Check whether the current CoreDNS key configuration Corefile is different from the Helm release record. The difference may be overwritten during the add-on upgrade, affecting domain name resolution in the cluster.

44

sudo Commands of a Node

Check whether the sudo commands and sudo-related files of the node are working.

45

Key Commands of Nodes

Check whether some key commands that the node upgrade depends on are working.

46

Mounting of a Sock File on a Node

The docker/containerd.sock file on the node is mounted to the pod through a hostPath. During the upgrade, Docker/containerd restarts, but the sock file in the container does not change.

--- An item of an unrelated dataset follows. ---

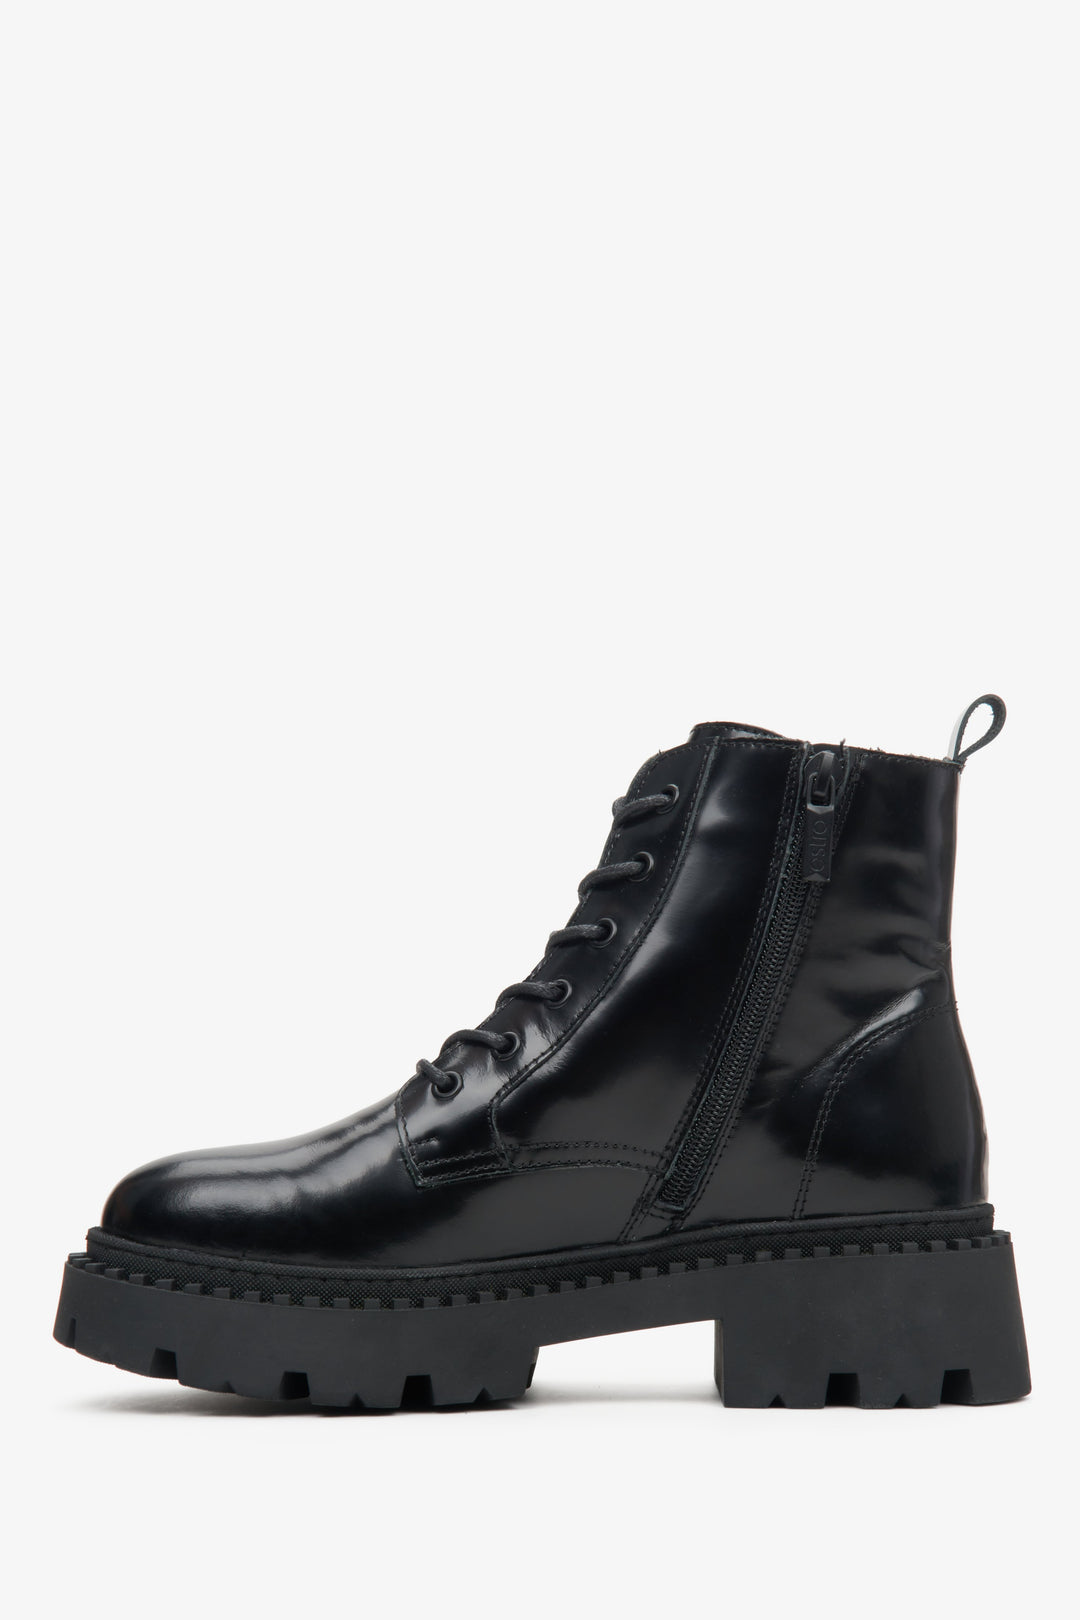 Damskie, skórzane buty w kolorze czarnym Estro - profil buta.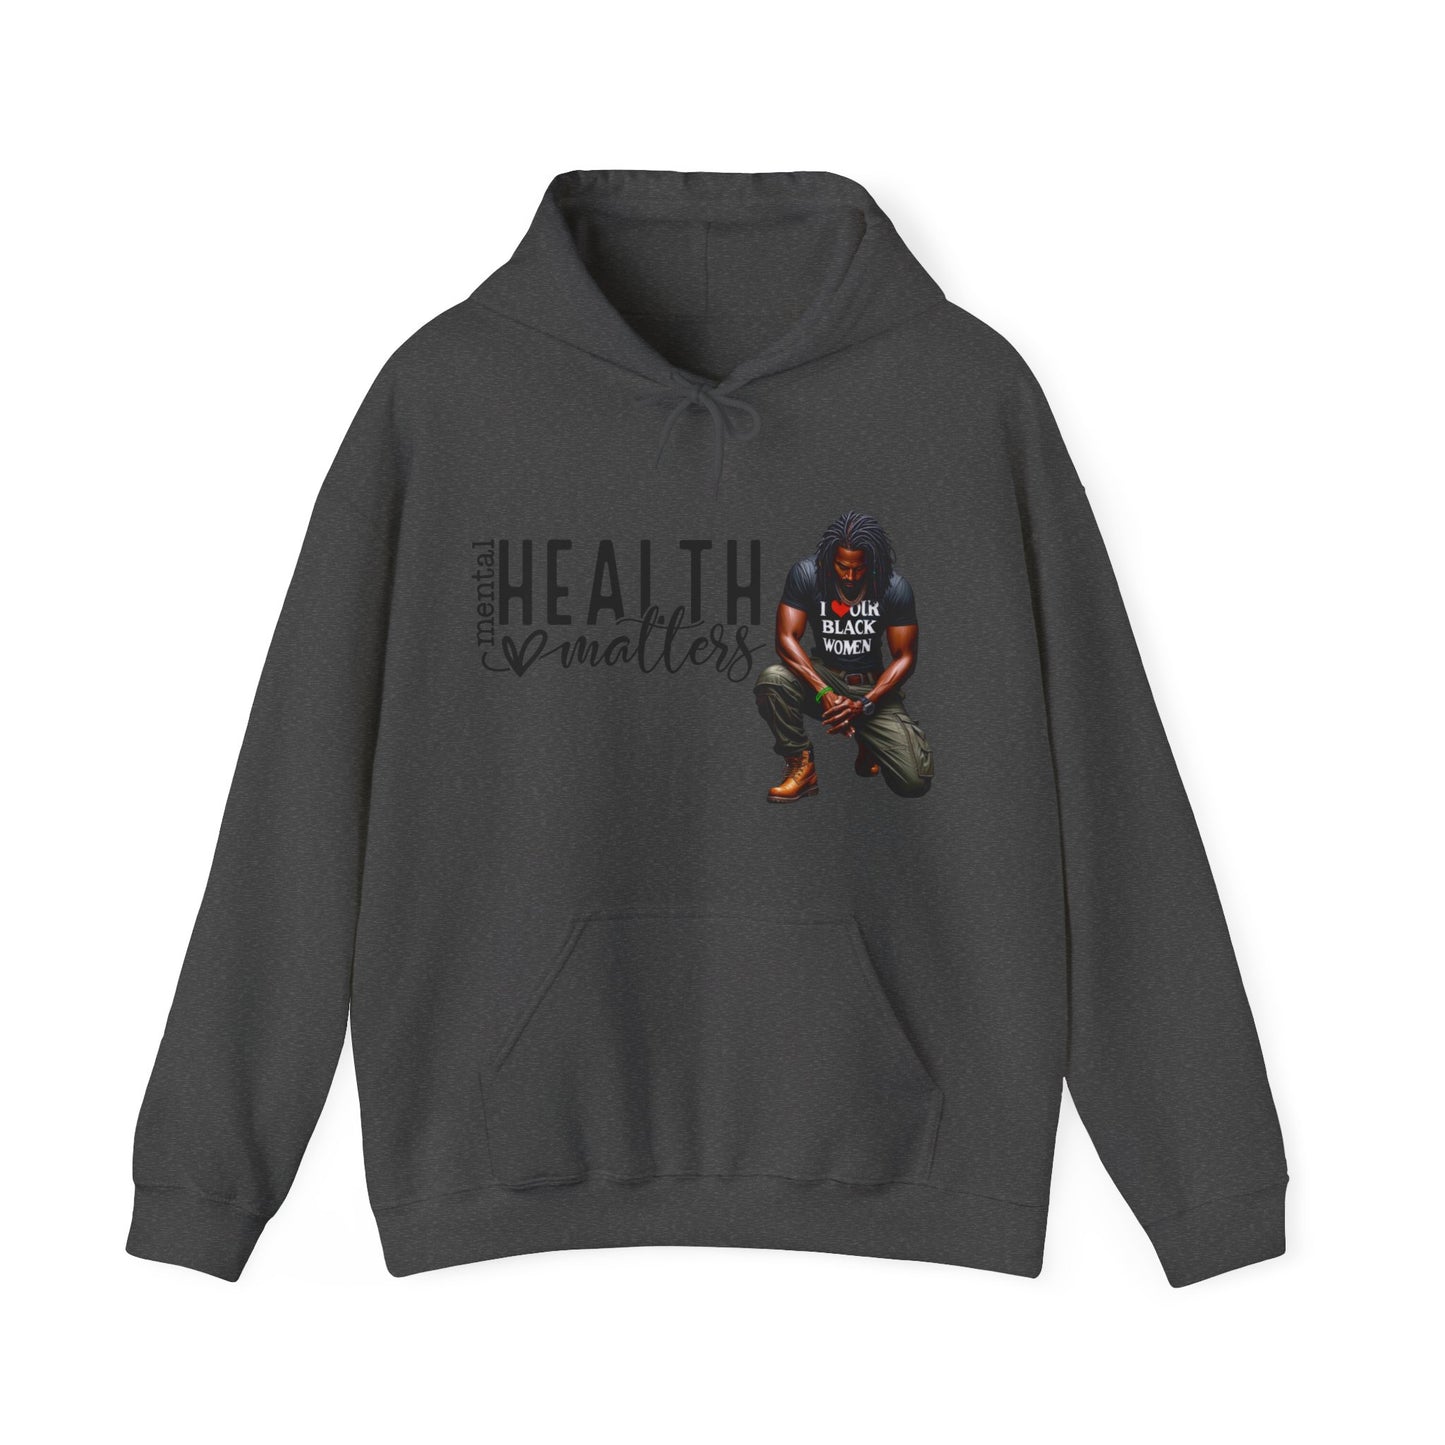 His Mental Health Matters Hooded Sweatshirt

As a result, an error may occur in your services.

47

HTTPS Load Balancer Certificate Consistency

Check whether the certificate used by an HTTPS load balancer has been modified on ELB.

48

Node Mounting

Check whether the default mount directory and soft link on the node have been manually mounted or modified.

49

Login Permissions of User paas on a Node

Check whether user paas is allowed to log in to a node.

50

Private IPv4 Addresses of Load Balancers

Check whether the load balancer associated with a Service is allocated with a private IPv4 address.

51

Historical Upgrade Records

Check whether the source version of the cluster is earlier than v1.11 and the target version is later than v1.23.

52

CIDR Block of the Cluster Management Plane

Check whether the CIDR block of the cluster management plane is the same as that configured on the backbone network.

53

GPU Add-on

The GPU add-on is involved in the upgrade, which may affect the GPU driver installation during the creation of a GPU node.

54

Nodes' System Parameter Settings

Check whether the default system parameter settings on your nodes are modified.

55

Residual Package Versions

Check whether there are residual package versions in the current cluster.

56

Node Commands

Check whether the commands required for the upgrade are available on the node.

57

Node Swap

Check whether swap has been enabled on cluster nodes.

58

nginx-ingress Upgrade

Check whether there are compatibility issues that may occur during nginx-ingress upgrade.